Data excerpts
§ §

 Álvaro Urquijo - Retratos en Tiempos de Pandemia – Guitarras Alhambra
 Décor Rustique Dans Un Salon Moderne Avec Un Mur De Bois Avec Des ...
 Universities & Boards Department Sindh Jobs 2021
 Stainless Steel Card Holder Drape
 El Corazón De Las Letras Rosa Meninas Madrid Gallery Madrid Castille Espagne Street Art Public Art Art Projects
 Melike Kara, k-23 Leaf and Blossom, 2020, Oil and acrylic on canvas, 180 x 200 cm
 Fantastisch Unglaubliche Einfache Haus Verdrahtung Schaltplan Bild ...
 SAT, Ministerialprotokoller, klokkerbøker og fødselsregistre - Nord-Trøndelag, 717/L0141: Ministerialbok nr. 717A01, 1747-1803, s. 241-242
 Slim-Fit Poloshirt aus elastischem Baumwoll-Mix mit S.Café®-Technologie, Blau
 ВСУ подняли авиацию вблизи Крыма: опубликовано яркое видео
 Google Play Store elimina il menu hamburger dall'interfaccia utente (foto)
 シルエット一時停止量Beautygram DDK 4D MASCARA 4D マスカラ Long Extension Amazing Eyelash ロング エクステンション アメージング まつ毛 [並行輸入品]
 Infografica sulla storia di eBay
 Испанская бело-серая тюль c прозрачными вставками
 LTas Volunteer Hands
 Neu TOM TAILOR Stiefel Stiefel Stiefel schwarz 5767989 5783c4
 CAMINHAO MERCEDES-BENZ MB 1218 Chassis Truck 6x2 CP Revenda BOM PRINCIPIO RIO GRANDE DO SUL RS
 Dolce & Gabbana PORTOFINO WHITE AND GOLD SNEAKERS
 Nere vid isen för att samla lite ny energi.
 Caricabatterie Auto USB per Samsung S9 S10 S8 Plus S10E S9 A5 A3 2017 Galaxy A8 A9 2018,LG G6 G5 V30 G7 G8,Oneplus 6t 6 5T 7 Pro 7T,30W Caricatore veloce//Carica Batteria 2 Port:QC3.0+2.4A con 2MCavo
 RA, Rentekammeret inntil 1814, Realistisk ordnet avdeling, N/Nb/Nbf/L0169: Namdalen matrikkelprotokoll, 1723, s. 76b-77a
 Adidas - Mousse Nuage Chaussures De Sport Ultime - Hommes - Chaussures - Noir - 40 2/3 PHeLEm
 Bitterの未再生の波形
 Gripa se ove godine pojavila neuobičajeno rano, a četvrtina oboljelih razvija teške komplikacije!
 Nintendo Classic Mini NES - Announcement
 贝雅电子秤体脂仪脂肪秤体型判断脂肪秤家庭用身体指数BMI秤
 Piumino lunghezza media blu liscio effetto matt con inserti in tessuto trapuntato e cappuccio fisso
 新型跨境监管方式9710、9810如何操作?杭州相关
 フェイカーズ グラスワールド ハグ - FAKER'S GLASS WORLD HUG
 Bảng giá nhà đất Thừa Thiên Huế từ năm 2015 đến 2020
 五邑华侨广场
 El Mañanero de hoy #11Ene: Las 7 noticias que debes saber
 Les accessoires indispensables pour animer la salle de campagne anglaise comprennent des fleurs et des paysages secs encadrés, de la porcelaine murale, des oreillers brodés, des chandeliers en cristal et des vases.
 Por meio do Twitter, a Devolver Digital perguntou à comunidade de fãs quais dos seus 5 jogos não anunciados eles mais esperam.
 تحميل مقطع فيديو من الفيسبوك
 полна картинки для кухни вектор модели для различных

§ §

Task to carry out — The lines from the beginning of the records through the line containing "Melike Kara, k-23" should be reproduced exactly. Include nothing else.

Solution —
 Álvaro Urquijo - Retratos en Tiempos de Pandemia – Guitarras Alhambra
 Décor Rustique Dans Un Salon Moderne Avec Un Mur De Bois Avec Des ...
 Universities & Boards Department Sindh Jobs 2021
 Stainless Steel Card Holder Drape
 El Corazón De Las Letras Rosa Meninas Madrid Gallery Madrid Castille Espagne Street Art Public Art Art Projects
 Melike Kara, k-23 Leaf and Blossom, 2020, Oil and acrylic on canvas, 180 x 200 cm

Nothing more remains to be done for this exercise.